Download UNIVERSITY OF SANTO TOMAS FACULTY OF MEDICINE AND

UNIVERSITY OF SANTO TOMAS
FACULTY OF MEDICINE AND SURGERY
DEPARTMENT OF NEUROLOGY
WRITTEN REPORT ON MOVEMENT DISORDER
(CASE 9)
SUBMITTED BY:
Ong, Yumi Czarina
Ongoco, Renncee
Ordoveza, Michelle Eloise
Pacquing, Paul Christian
Paderna, Nikki Eleanor
Padolina, Dianna Jean
Pagkalinawan, Leah
3C
March 5, 2010
CASE 9: MOVEMENT DISORDERS
65 year-old, housewife
Chief complaint: Tremors
History of Present Illness
Three years prior to admission:
 She noticed her left arm had a tendency to curl up toward her body when she
wasn’t using it.
 Her left 4th and 5th fingers trembled; she started having difficulty in finding the
right keys on her computer keyboard.
 Her left leg felt stiff and dragged somewhat when she walked.

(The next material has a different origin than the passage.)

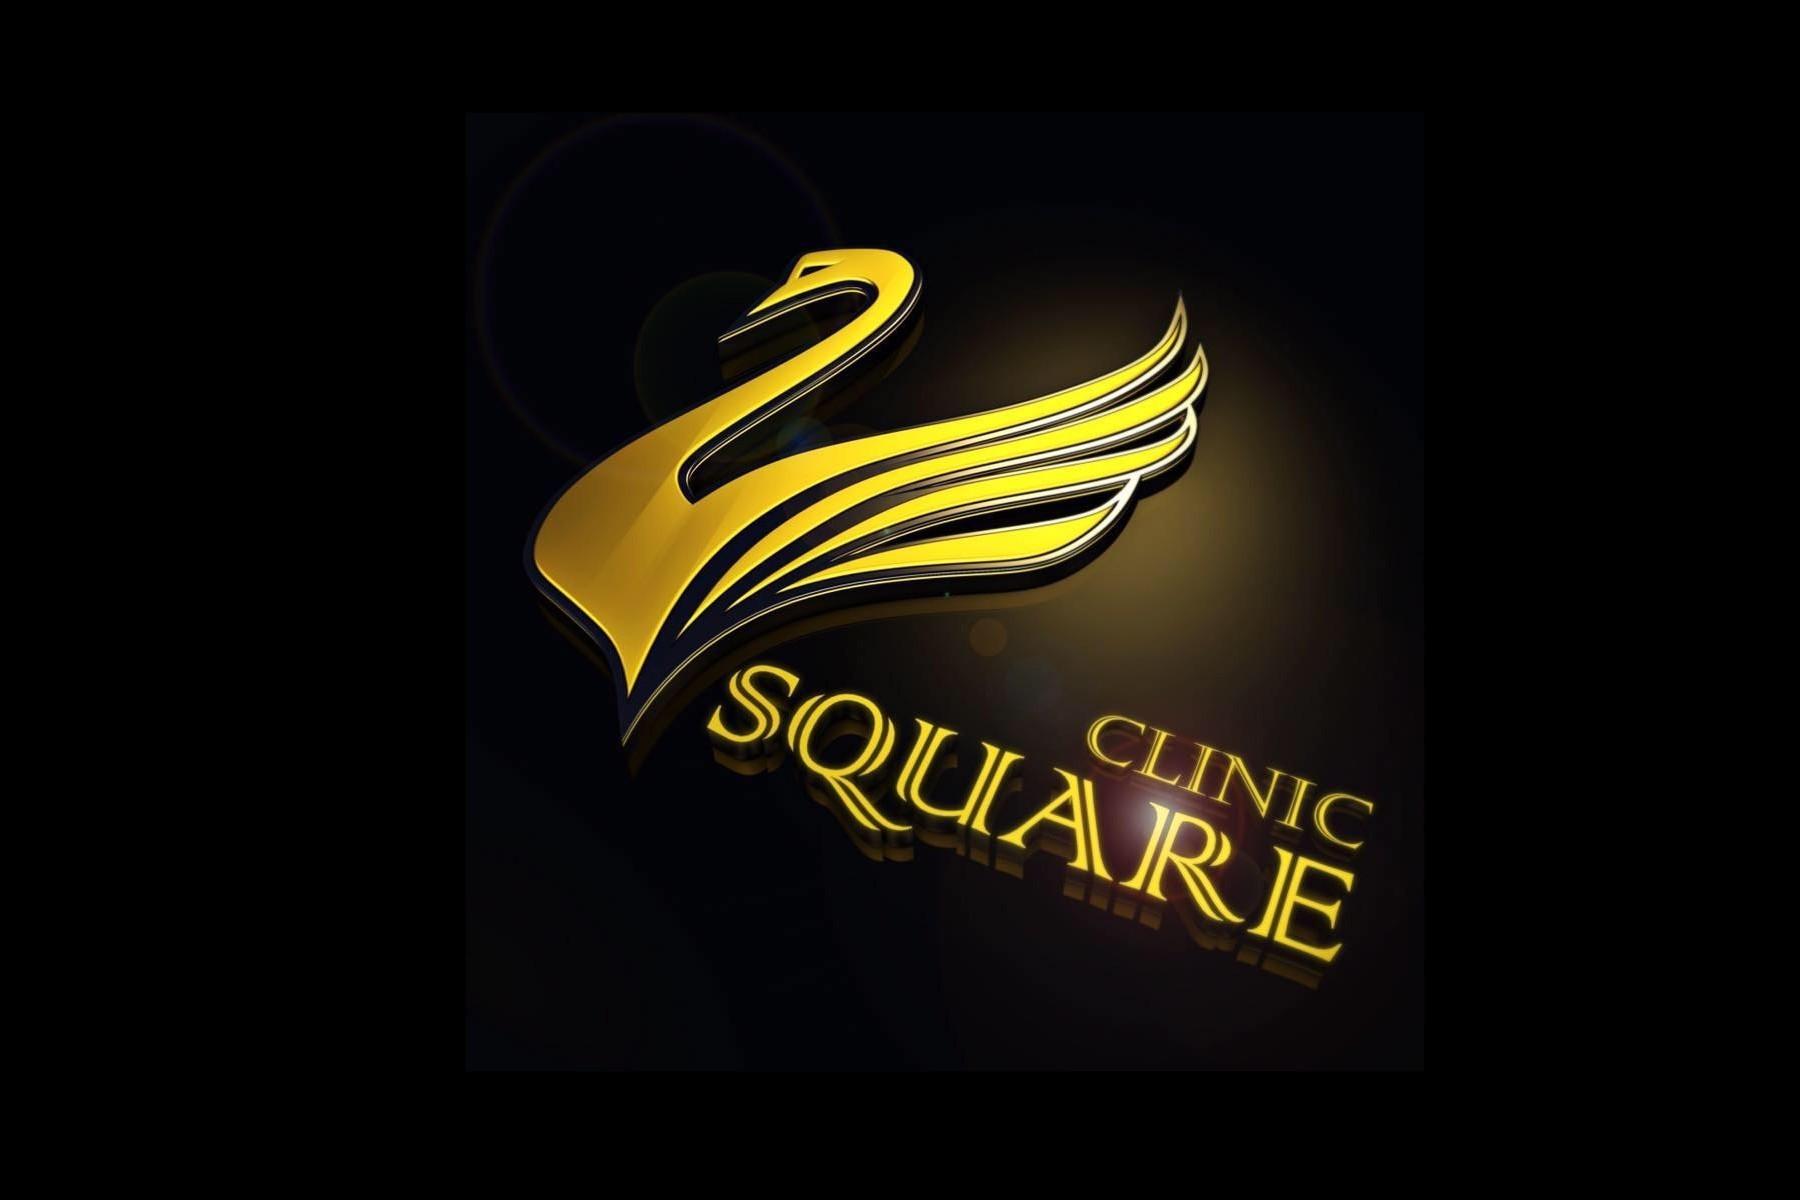 V Square Clinic Botox Filler Center

 She gradually had rigidity in her left arm and progressed to her shoulder and neck
causing a lot of pain and stiffness.
 Referred to an orthopedist and another doctor
o Given some cortisone shot in the shoulder but there was no relief of
symptoms
o Cranial CT scan was done and was unremarkable
Months later, she consulted a neurologist for 2nd opinion. At this time,
 Her axial position is flexed (Forward flexed posture) and gait slow and shuffling
(Festinating gait)
 Her left arm did not swing when compared to the right
 When she greeted the examiner with a soft voice, she gave a little smile, but most
of the time her face was expressionless (Mask-like fascies).
 During their interview, her left hand showed rest tremors although strength and
coordination of her extremities were intact.
 She was slow in performing repetitive movements (Bradykinesia).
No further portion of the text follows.